The formats of each of the data products are briefly summarized below.

CRTT Format:

The original level 1 CZCS data was produced and stored on 9-track magnetic volumes in CRTT Tape format. See the Nimbus-7 Coastal Zone Color Scanner Level 1 Data Product User's Guide for a complete description of the CRTT Tape format. This Guide may be ordered from the Goddard DAAC User Support Office (see section 6). The CRTT Tape format has been slightly modified to produce the so-called CRTT Archive format. The CZCS level 1 data that the Goddard DAAC archives and distributes is in the CRTT Archive format. See the Appendix at the end of this README for a complete description of the differences between the CRTT Tape and Archive formats.

For processing information see the Processing/Analysis Software Packages section.

DSP Format:

Level 1a, level 2, level 3 PST, and level 3 composite images are available in DSP format. DSP is a user-interactive satellite data analysis package that was developed at the Rosenstiel School of Marine and Atmospheric Sciences (RSMAS) at the University of Miami.

DSP operates on either DEC-VAX or Unix Workstation computers. The primary application of this package is for the processing and interpretation of CZCS and Advanced Very High Resolution Radiometer (AVHRR) data. DSP images can be converted to the SEAPAK format using the SEAPAK package (see description below). Data from DAAC DSP files can be extracted and read using publicly available software packages from the DAAC.

For more information on the DSP format, please contact the RSMAS at the University of Miami (Dr. Robert Evans).

Flat Binary File Format:

Several additional time/space composites (climatological, seasonal, annual, regional) also exist as single parameter images. These are available as flat files, without any headers, metadata or compositing statistics. These include full resolution global 2048 (longitude) x 1024 (latitude) pixel images as well as reduced resolution global 512 x 512 pixel images subsampled from the full resolution global images with a 4 x 2 reduction factor. The regional images are 512 x 512 pixel images at full resolution of the global product. They are simply a sector of the full global 2048 x 1024 composite grid. They are composed of 512 records, each record 512 eight bit bytes and each pixel value given by a count ranging between 0 and 255. The region, temporal coverage and parameter are clearly indicated by the naming convention. More information on these flat image files may be found in the file CURRENT_IMAGE_INFO.TXT which is located with the files at the anonymous ftp site or available from the Goddard DAAC.

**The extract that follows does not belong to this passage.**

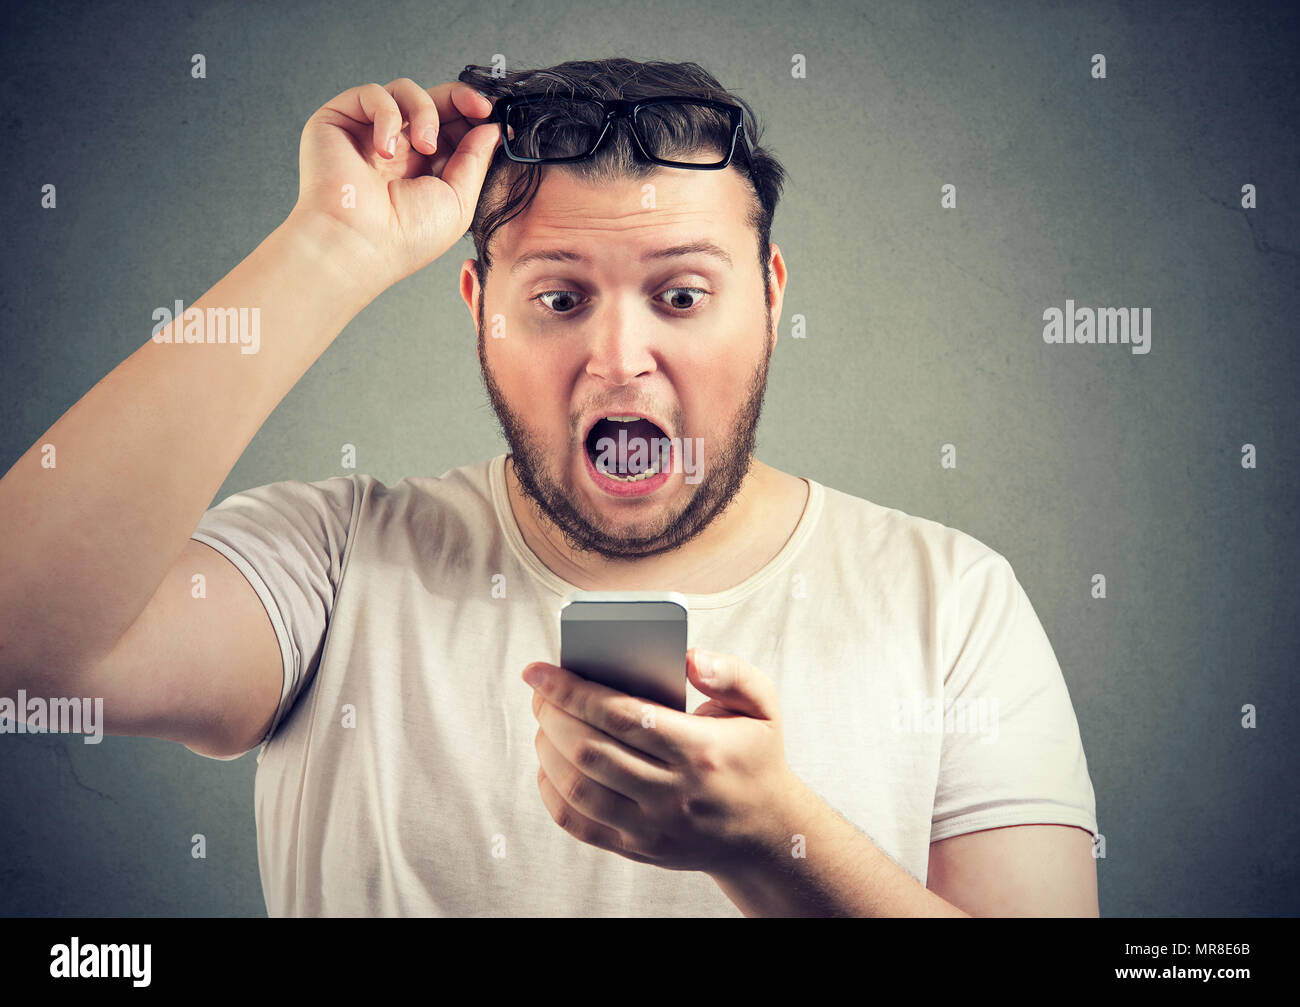 Jeune homme Super étonné à l'excès de lecture nouvelle choquante sur smartphone holding glasses up avec la bouche ouverte. Banque D'Images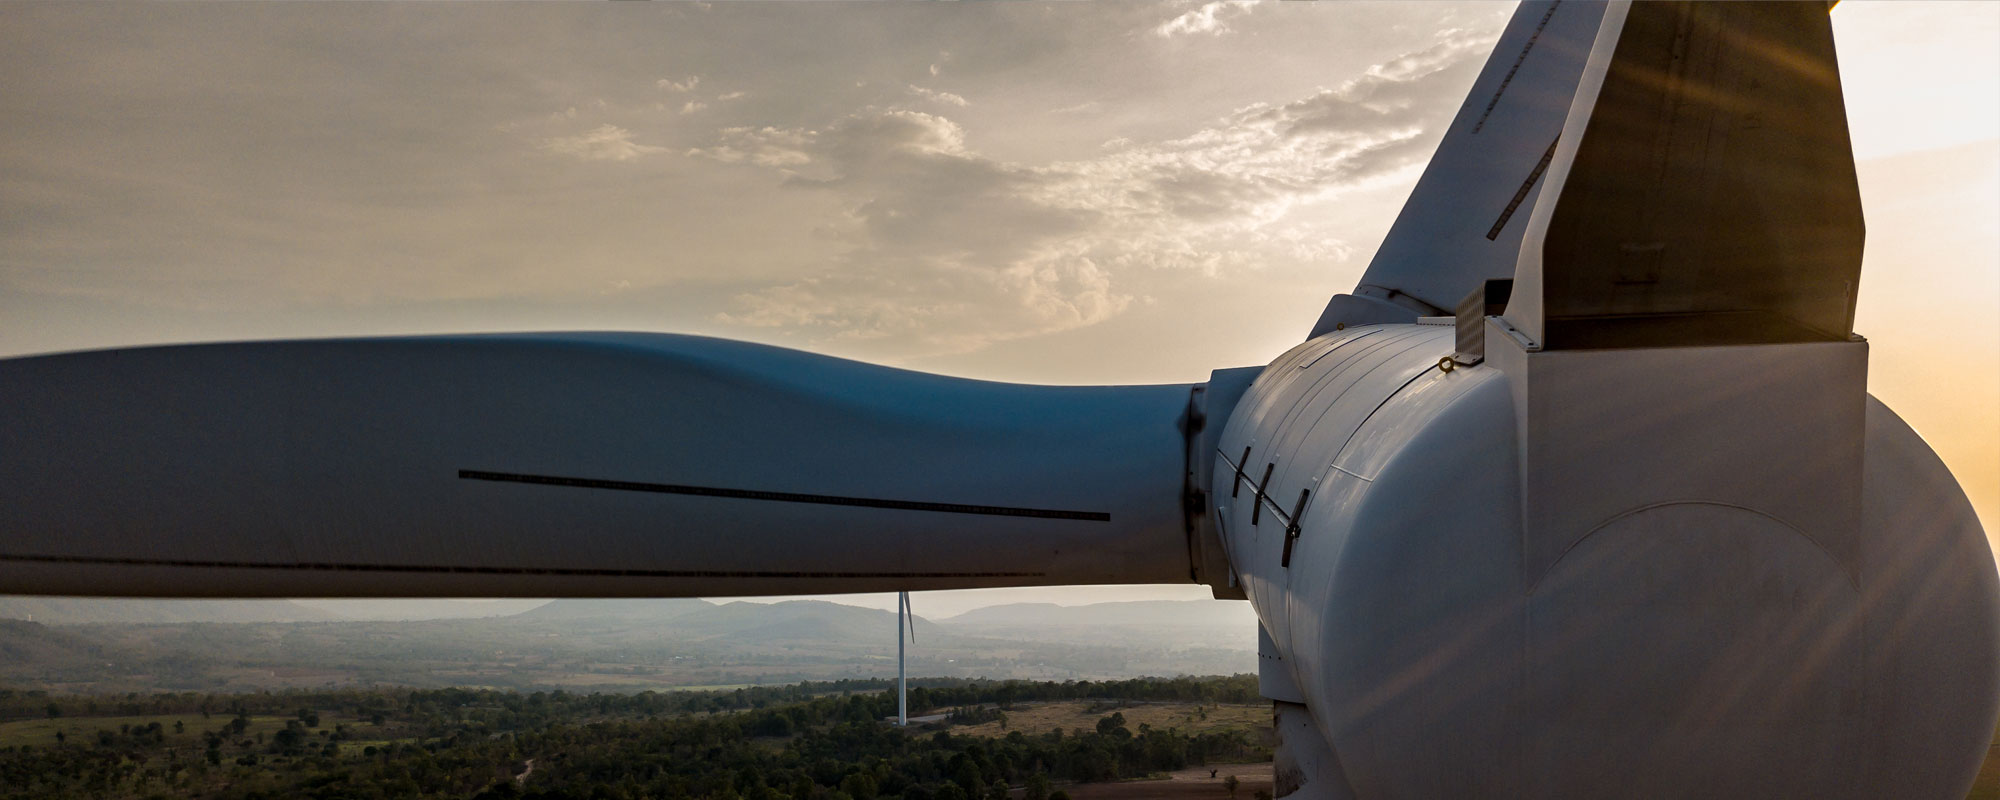 더 강력하고 더 효율적으로: TRB가 풍력 산업을 변화시키는 방법

These files are available via anonymous ftp at:

ftp://savaii.gsfc.nasa.gov/data/

World Wide Web access to these data, along with ASCII data and browse images, is available from the SeaWiFS Project. SeaWiFS is the acronym for the Sea-viewing Wide Field-of-view Sensor, NASA's next generation ocean color instrument.

HDF:

HDF is the standard data format of the entire Goddard EOSDIS Version 0 (V0) and the SeaWiFS Project. HDF was developed by the National Center for Supercomputing Applications (NCSA) Software Development Group. Additional explanation of HDF can be found at the HDF Web site. HDF provides several different "data models" which can be used to store data products. The data models currently provided by HDF included Scientific Data Sets (SDS), Raster Image Sets (RIS), Vdatas, and Vgroups. Level 2 HDF browse files may be viewed and ordered using the online Web browser (http://disc.sci.gsfc.nasa.gov/data/dataset/CZCS/), and level 1a and level 2 data may be obtained via anonymous ftp from:

ftp://disc.gsfc.nasa.gov/data/czcs/

Level 1a data, categorized annually, is found in the directory http://disc.sci.gsfc.nasa.gov/data/czcs/level_1a/gac_data. CZCS Level 2 data, also categorized annually, is found in either http://disc.sci.gsfc.nasa.gov/data/czcs/level_2/gac_data or http://disc.sci.gsfc.nasa.gov/data/czcs/level_2/brs_data. The gac_data is for all of the Level 2 derived products, while the brs_data files are raster images of pigment concentration.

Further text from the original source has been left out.